Available host maintenance properties

You can configure a VM's maintenance behavior, restart behavior, and behavior after a host error occurs with the following properties.

Compute Engine configures each VM with the default values unless you specify otherwise.

During host events, depending on the configured host maintenance policy, VMs that don't support live migration are terminated or automatically restarted.

  • onHostMaintenance: determines the behavior when a maintenance event occurs that might cause your VM to reboot.

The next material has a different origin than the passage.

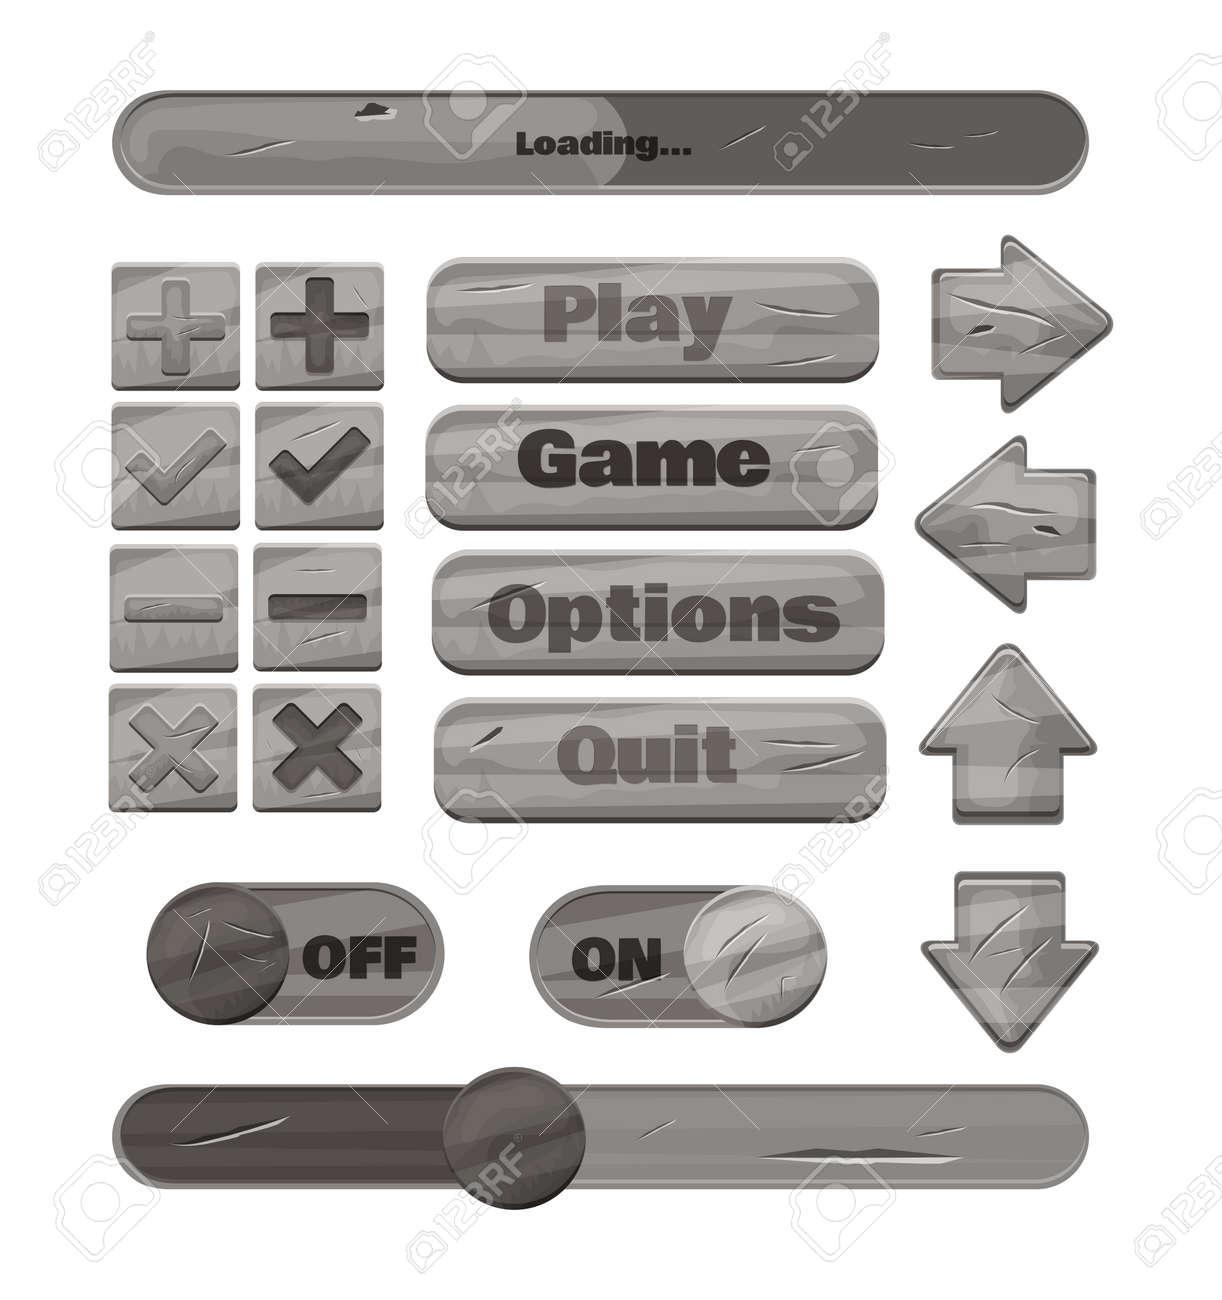 Universal metal UI Kit for designing responsive gaming applications

    • MIGRATE (Default): causes Compute Engine to live migrate an instance when there is a maintenance event.
    • TERMINATE: stops a VM instead of migrating it.
  • automaticRestart: determines the behavior when a VM crashes or is stopped by the system.

    • true (Default): Compute Engine restarts an instance if the instance crashes or is stopped.
    • false: Compute Engine does not restart a VM if the VM crashes or is stopped.
  • localSsdRecoveryTimeout: Sets the Local SSD recovery timeout. This is the maximum amount of time, in hours, that Compute Engine waits to recover Local SSD data after a host error. This setting only applies to VMs with attached Local SSD disks.

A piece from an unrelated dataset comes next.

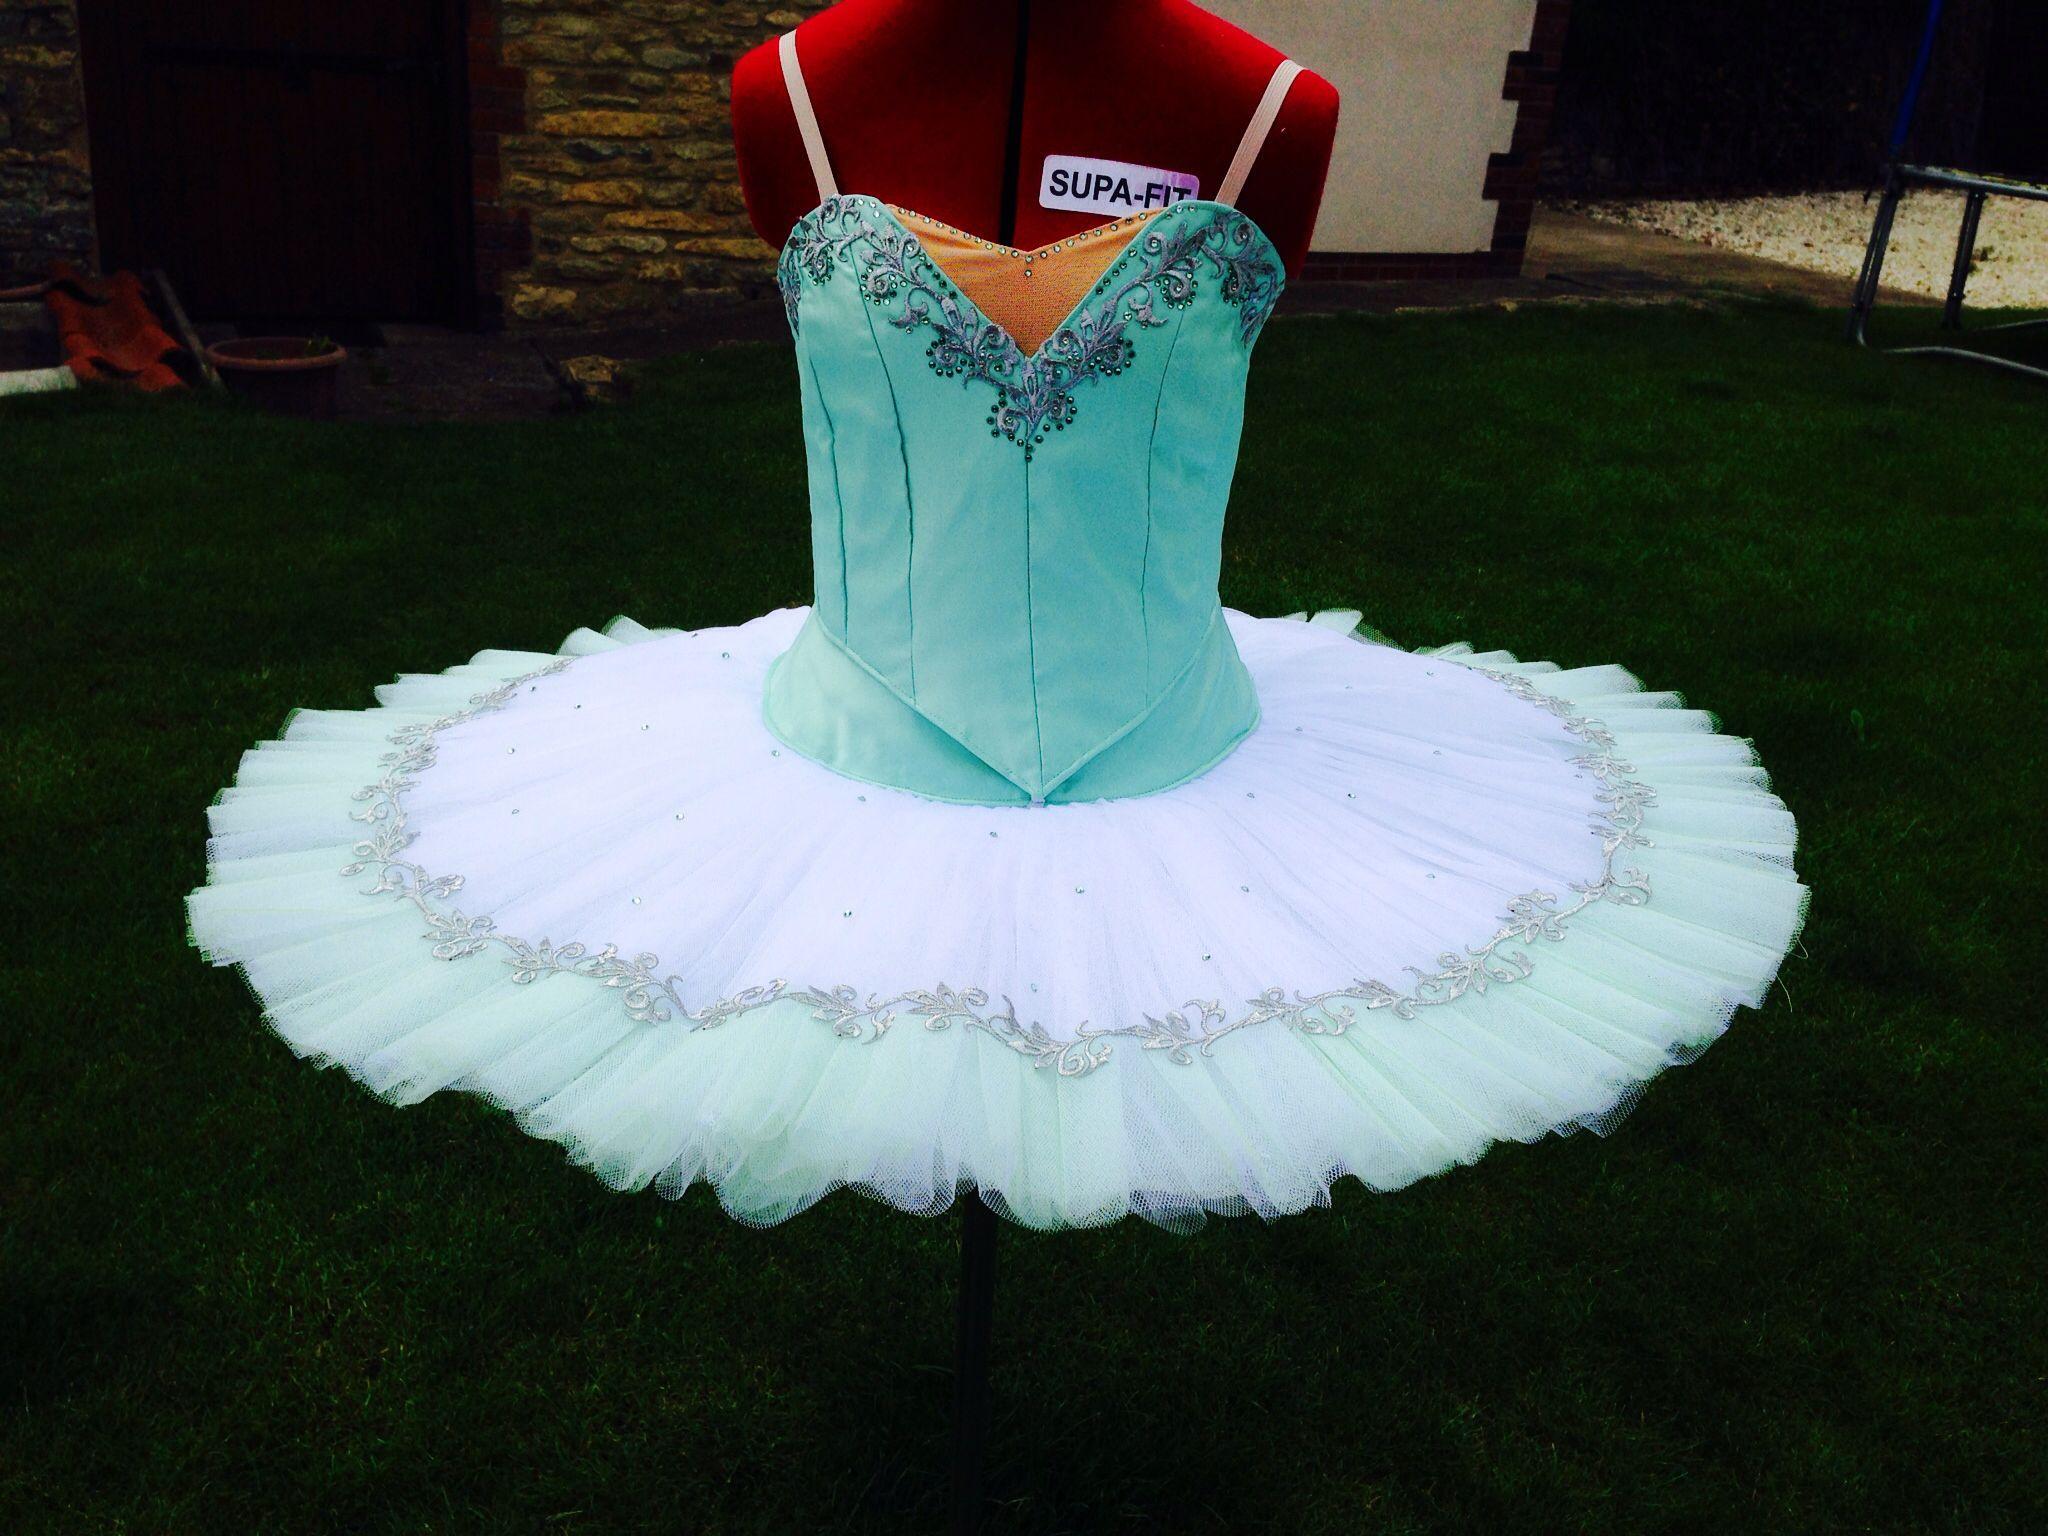 a96d0fe0c2964 Mint green ballet tutu pancake skirt. Made by Sewn by Sara Ballet Tutus.

    • Unset (Default): Compute Engine waits up to 1 hour to recover the disk. For Z3 VMs (Preview), the default wait time is 4 hours.
    • A number from 0 to 168: specifies how long Compute Engine waits to recover the disk. The number is must be an integer, in increments of 1 hour, with a maximum value of 7 days. A value of 0 means that Compute Engine won't wait to recover the data.
  • hostErrorTimeoutSeconds (Preview): Sets the maximum amount of time, in seconds, that Compute Engine waits to restart or terminate a VM after detecting that the VM is unresponsive.

    • Unset (Default): Compute Engine waits up to 5.5 minutes (330 seconds) before restarting an unresponsive VM.
    • Number from 90 to 330: specifies the number of seconds, in increments of 30, that Compute Engine waits before restarting an unresponsive VM.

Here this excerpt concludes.